Enfin, dernier point, le tirailleur parle, ou plutôt il bafouille le  » petit-nègre « . Il est parfaitement symptomatique que les officiers français aient conçu pour les tirailleurs ces manuels  » petit-nègre « , destinés à des recrutés qui, souvent, parlent trois ou quatre langues véhiculaires. La maîtrise du langage est le signe distinctif de l’appartenance à une civilisation. Il est le lieu, aussi, du pouvoir. Le tirailleur parlera donc petit-nègre, pour le différencier nettement des militaires français, pour ne pas franchir la limite fondamentale de l’égalité du langage.
L’ambivalence du statut du tirailleur
Ainsi se dessine la figure du tirailleur. Personnage hybride, il n’est plus totalement africain, mais ne peut envisager d’être complètement français. Il reste dans un entre-deux, dans une position d’intermédiaire, d’interface entre le monde obscur des colonisés et celui des colonisateurs. D’où une ambivalence fondamentale de son statut, vis-à-vis des sociétés africaines comme du monde colonial. Du corps superficiellement domestiqué du militaire perce les pulsions du sauvage, de l’animal. C’est pourquoi ressurgissent sur le tirailleur des archétypes qui tantôt le rapproche des Blancs, tantôt des Noirs.
L’animalité du tirailleur réapparaît ainsi lors de la Première Guerre mondiale. Les nombreuses images d’assaut et d’exploit personnel font ressortir sa brutalité atavique, son goût du sang, souvent son inclinaison à l’anthropophagie. Confronté à une autre figure de la barbarie – l’Allemand –, sa sauvagerie se manifeste. Ces images s’entrechoquent avec celle du  » grand enfant « , antienne récurrente dès le début du siècle et matérialisé dans l’image parue en 1917 du  » tirailleur Y’a bon « , reprise et exploitée jusqu’à l’écœurement par la marque Banania dans l’entre-deux-guerres.
Autre stigmate de cette animalité tenue bridée par la discipline militaire mais toujours prête à la subsumer, les innombrables illustrations parues dans les années 1916-1918 sur les marraines de guerres. Celles-ci, des infirmières et des jeunes femmes françaises, de la même façon qu’avec les soldats métropolitains, entretiennent des correspondances avec des tirailleurs.

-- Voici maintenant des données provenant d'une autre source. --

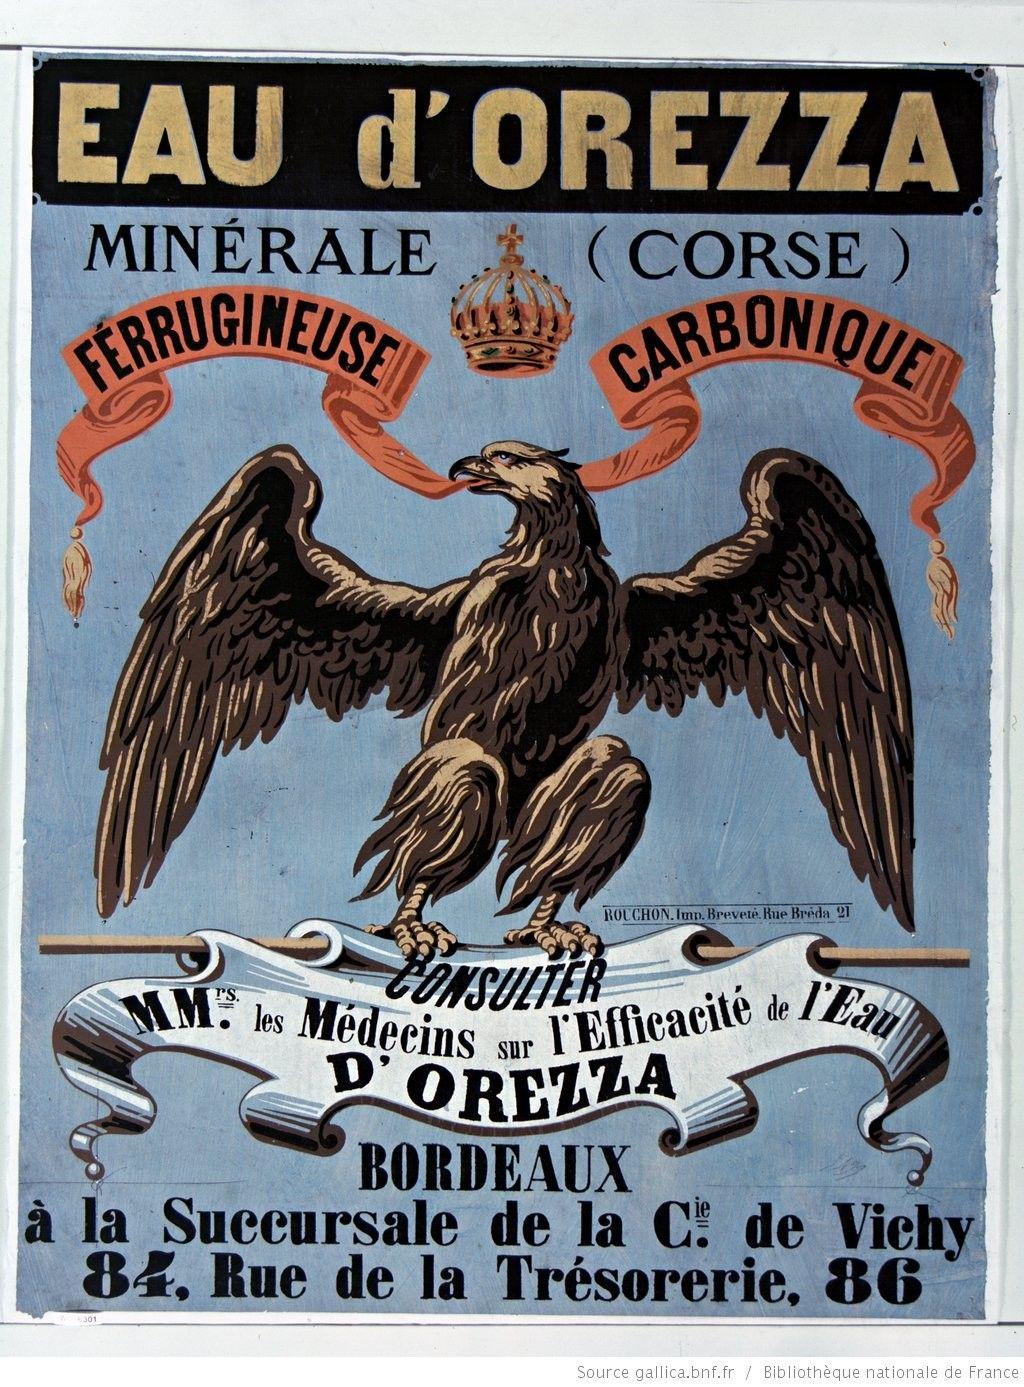 Carte Corse Orezza.Eau D Orezza Corse Minerale Ferrugineuse Carbonique

Ces relations particulières, faites de cadeaux, de sorties, d’envois de photographies, entre des tirailleurs et leurs marraines créent des liens inédits. Ils sont le thème de toute une iconographie populaire jouant sur la reconnaissance réciproque. Les images des soldats convalescents, entourés des attentions de jeunes infirmières ou au bras de jeunes femmes du monde, développent une vision paternaliste et stéréotypée. La suggestion d’une transgression – socialement impossible – des interdits relatifs aux relations sexuelles entre une femme blanche et un homme noir est clairement mise en scène. De ce phantasme apparaît celui – toujours suggéré – de la sexualité débridée des Noirs, toujours proches de la nature et donc incapables de dominer leur propre corps et leur instinct.
La figure du tirailleur et les représentations de son corps inscrivent ainsi les stigmates de son statut, frontalier de l’univers colonial et de l’univers du colonisé. Ceci renvoie généalogiquement au discours assimilationniste de la République, double langage articulé sur la certitude de pouvoir  » civiliser  » les Africains tout en les maintenant dans un rôle subalterne.
La position équivoque des tirailleurs se prête à la projection de phantasmes corporels – puissance de la sauvagerie, transgression du sacré par le cannibalisme, sexualité animale et donc libre – qui, en miroir, dessine les contours d’un imaginaire occidental du corps fondé sur le refoulement des pulsions, l’incorporation des normes sexuelles et conjugales, la construction d’un corps discipliné et socialement utile. La moquerie condescendante des images sur les tirailleurs, les signes de l’infériorité raciale (intellect limité), sociale, morale, des tirailleurs, laissent suppurer une fascination quasiment libidineuse pour un corps superficiellement domestiqué, à même de se déployer, dans la violence ou la sexualité.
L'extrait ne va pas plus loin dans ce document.